(Given data begins)
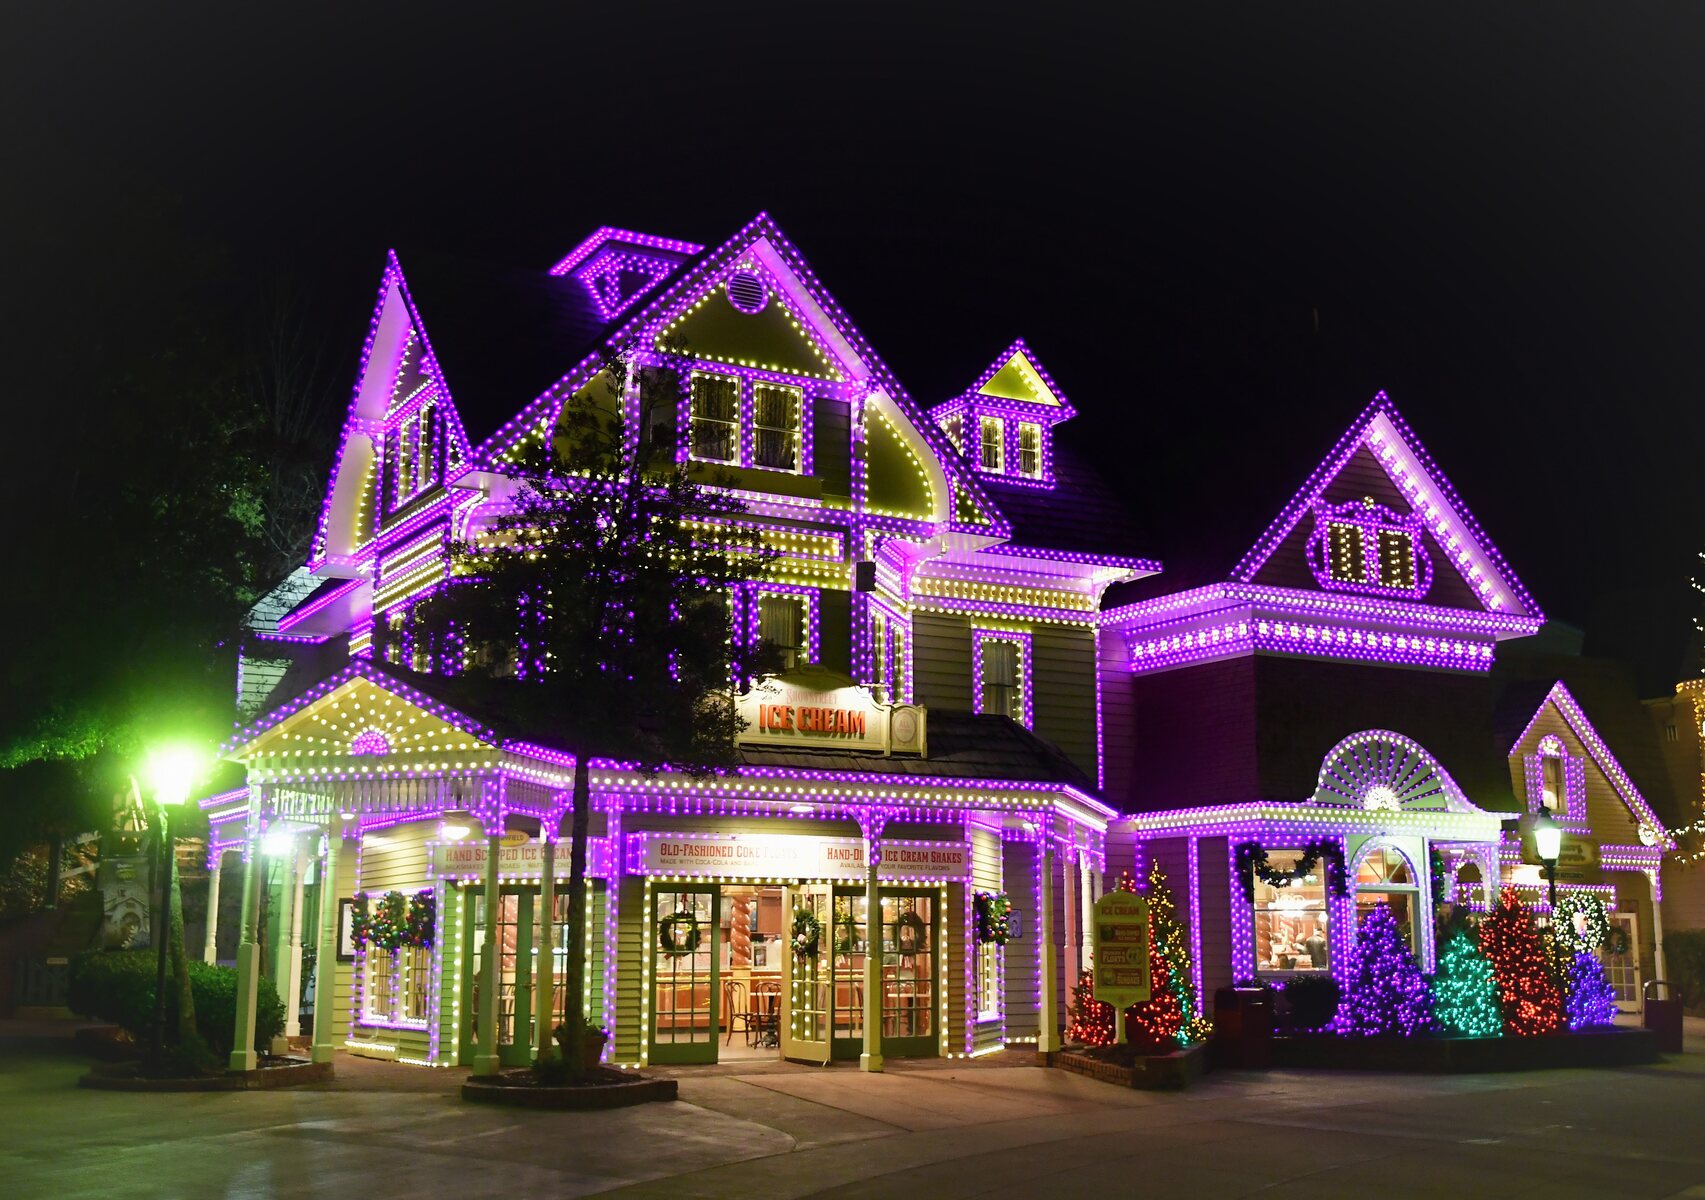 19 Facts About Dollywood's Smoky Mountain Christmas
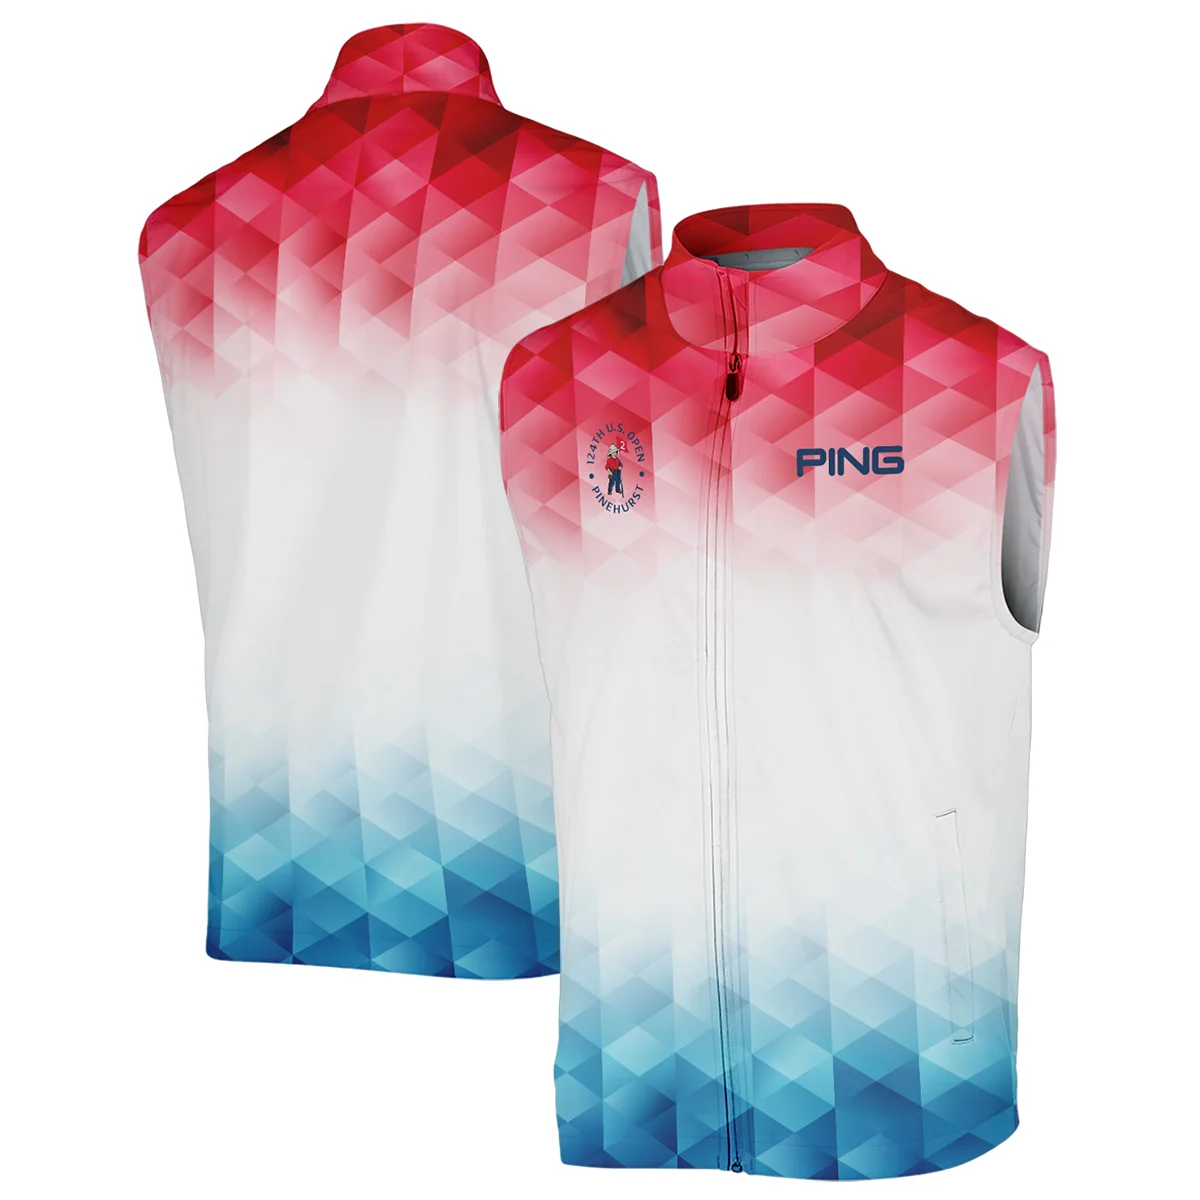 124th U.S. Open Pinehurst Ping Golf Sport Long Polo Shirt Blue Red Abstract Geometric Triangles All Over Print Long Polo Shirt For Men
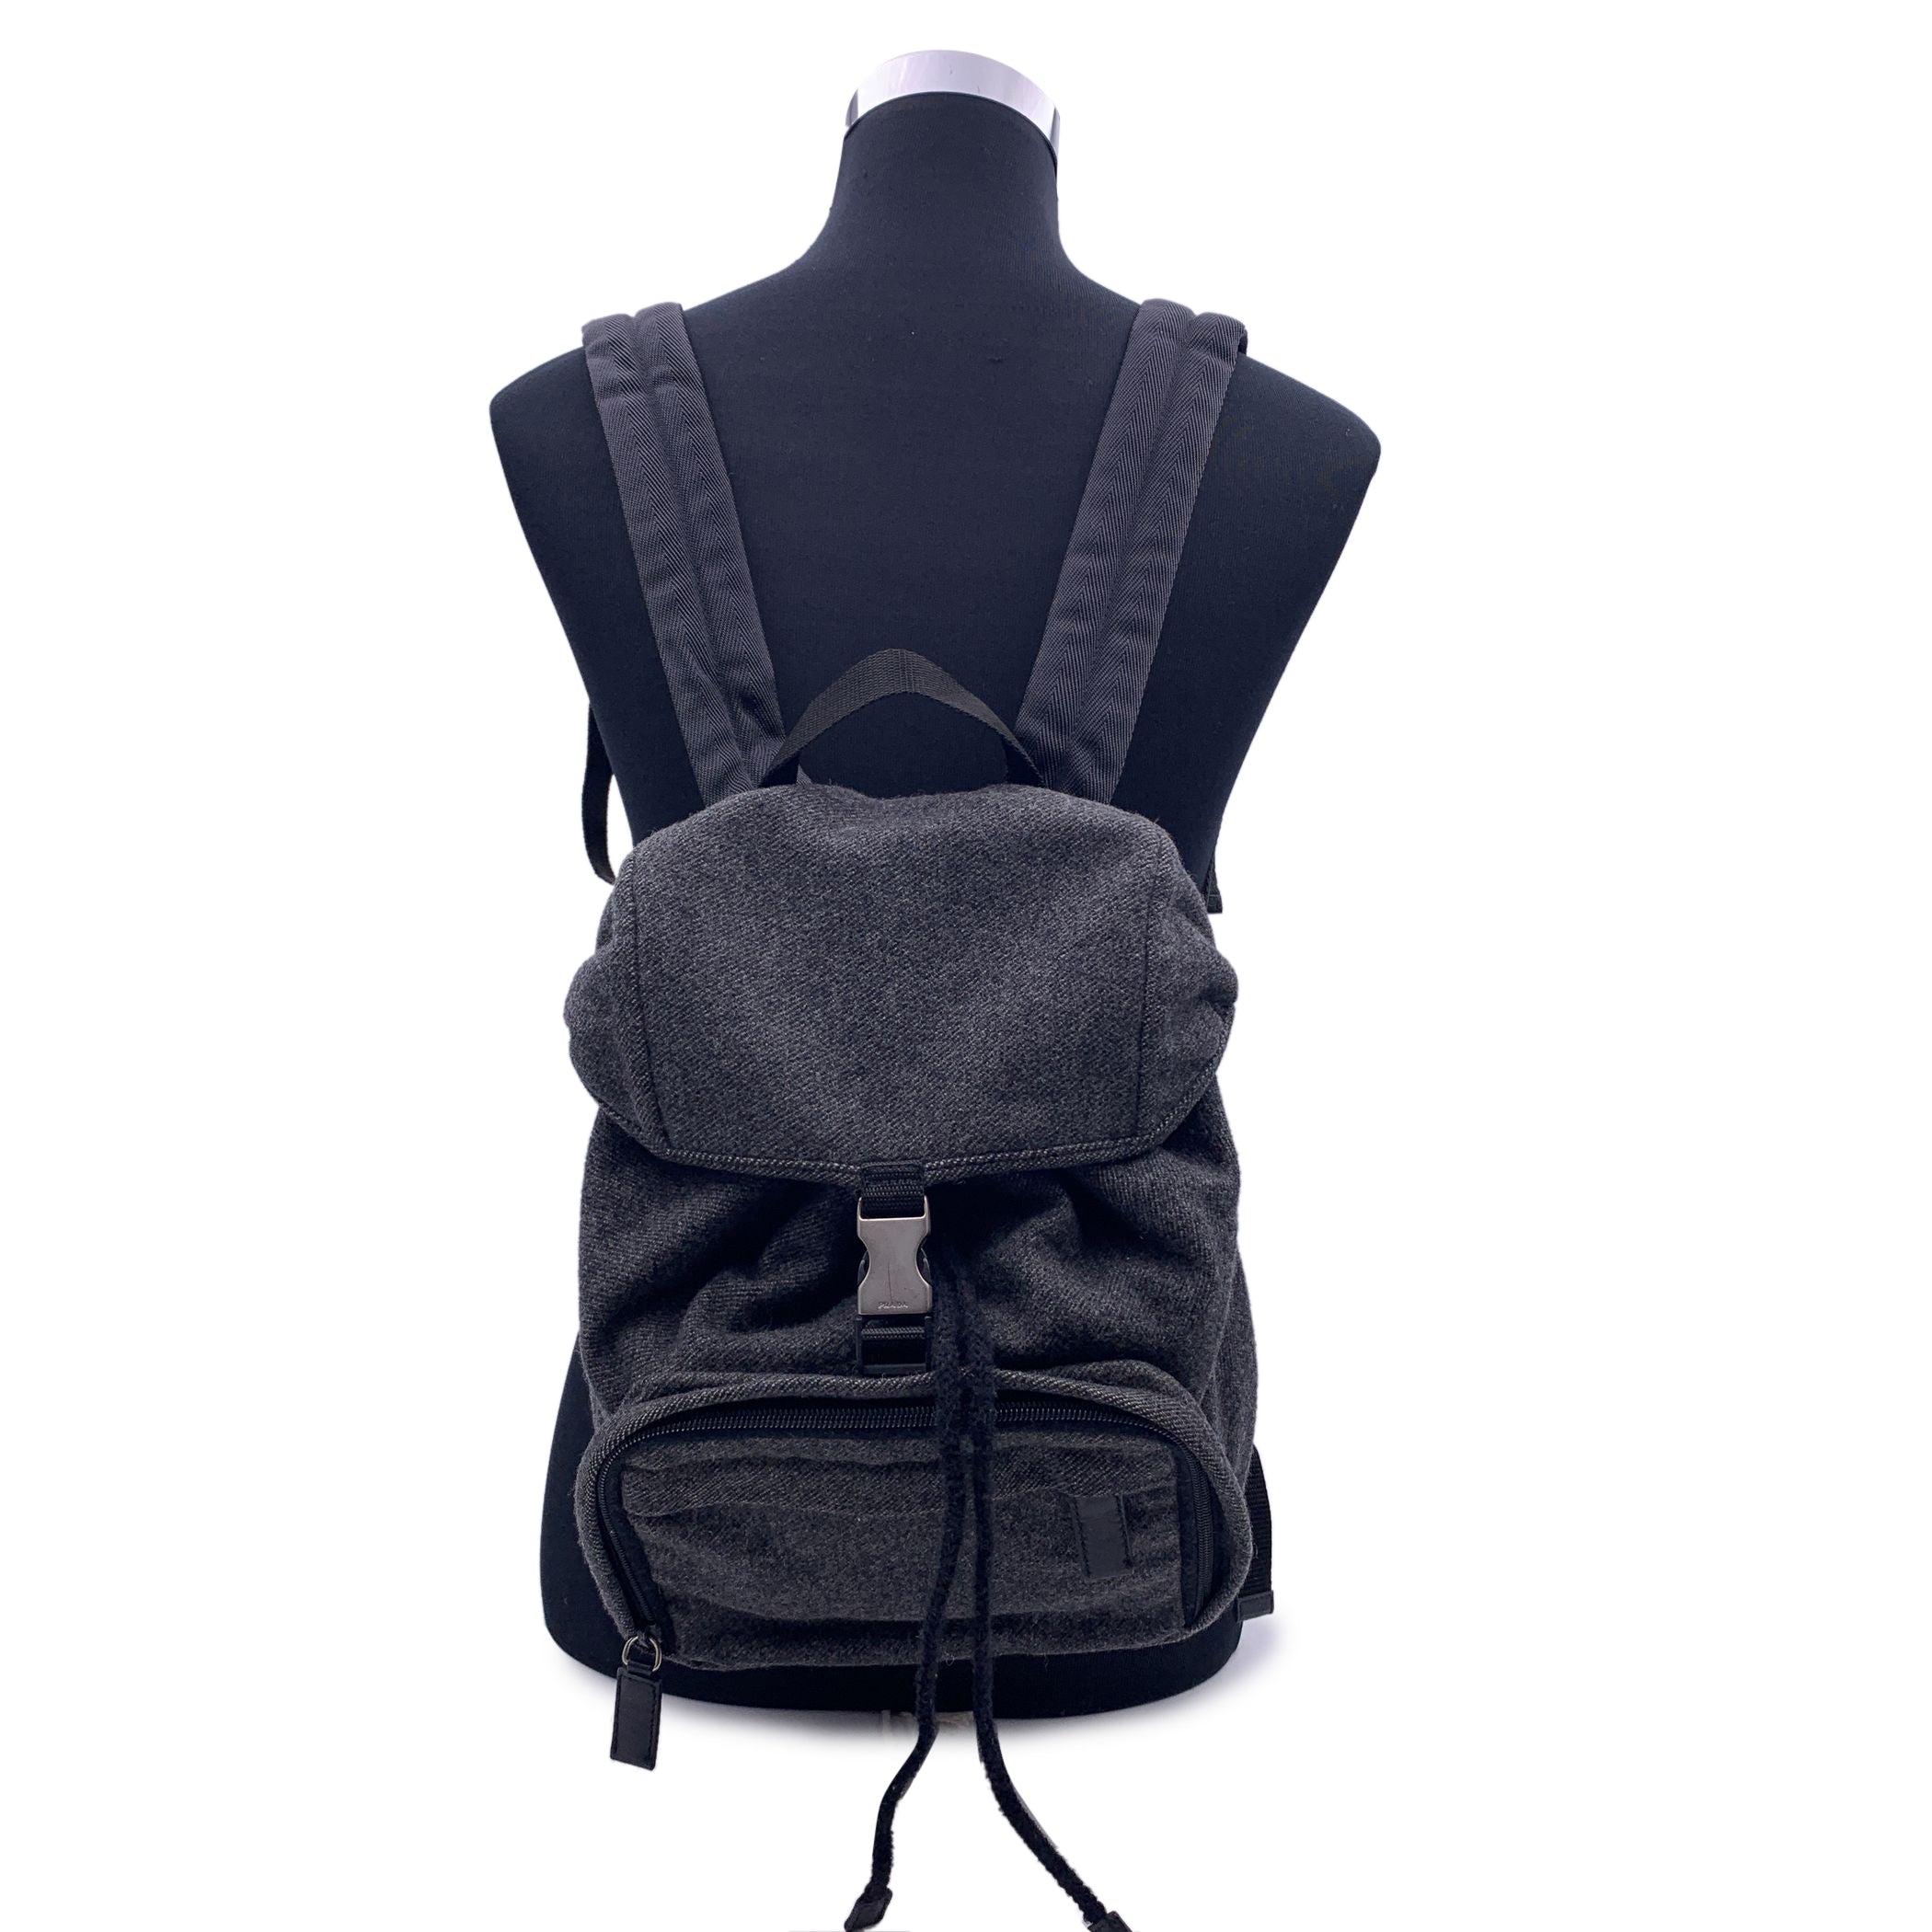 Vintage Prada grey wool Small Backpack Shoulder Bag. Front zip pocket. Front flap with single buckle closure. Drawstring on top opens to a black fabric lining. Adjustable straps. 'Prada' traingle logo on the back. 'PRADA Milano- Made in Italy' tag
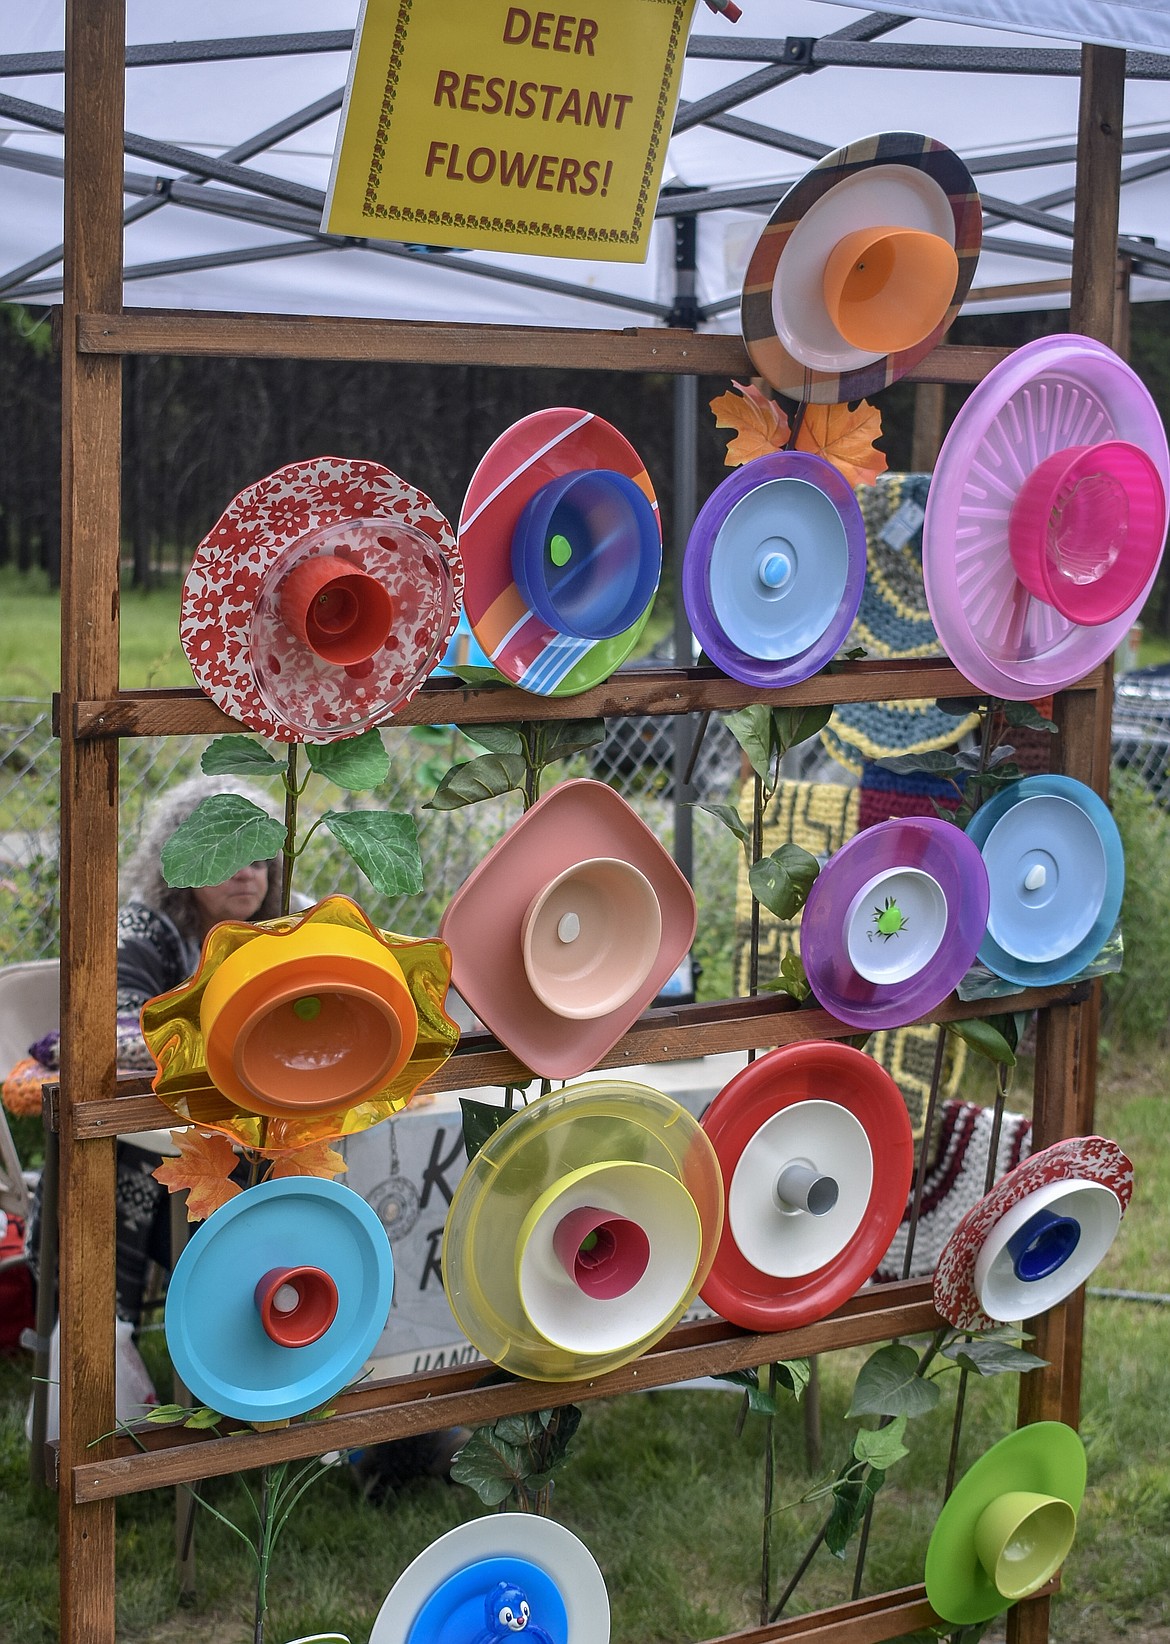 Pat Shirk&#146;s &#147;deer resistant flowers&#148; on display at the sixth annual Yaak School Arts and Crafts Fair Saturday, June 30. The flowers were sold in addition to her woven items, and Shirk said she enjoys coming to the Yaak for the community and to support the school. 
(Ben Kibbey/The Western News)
(Given data ends)
| Work instructions |
Output each entry shown above exactly as it stands, with all pictures removed.

| Output for this exercise |
 19 Facts About Dollywood's Smoky Mountain Christmas
 124th U.S. Open Pinehurst Ping Golf Sport Long Polo Shirt Blue Red Abstract Geometric Triangles All Over Print Long Polo Shirt For Men
 Vintage Prada grey wool Small Backpack Shoulder Bag. Front zip pocket. Front flap with single buckle closure. Drawstring on top opens to a black fabric lining. Adjustable straps. 'Prada' traingle logo on the back. 'PRADA Milano- Made in Italy' tag
 Pat Shirk&#146;s &#147;deer resistant flowers&#148; on display at the sixth annual Yaak School Arts and Crafts Fair Saturday, June 30. The flowers were sold in addition to her woven items, and Shirk said she enjoys coming to the Yaak for the community and to support the school. 
(Ben Kibbey/The Western News)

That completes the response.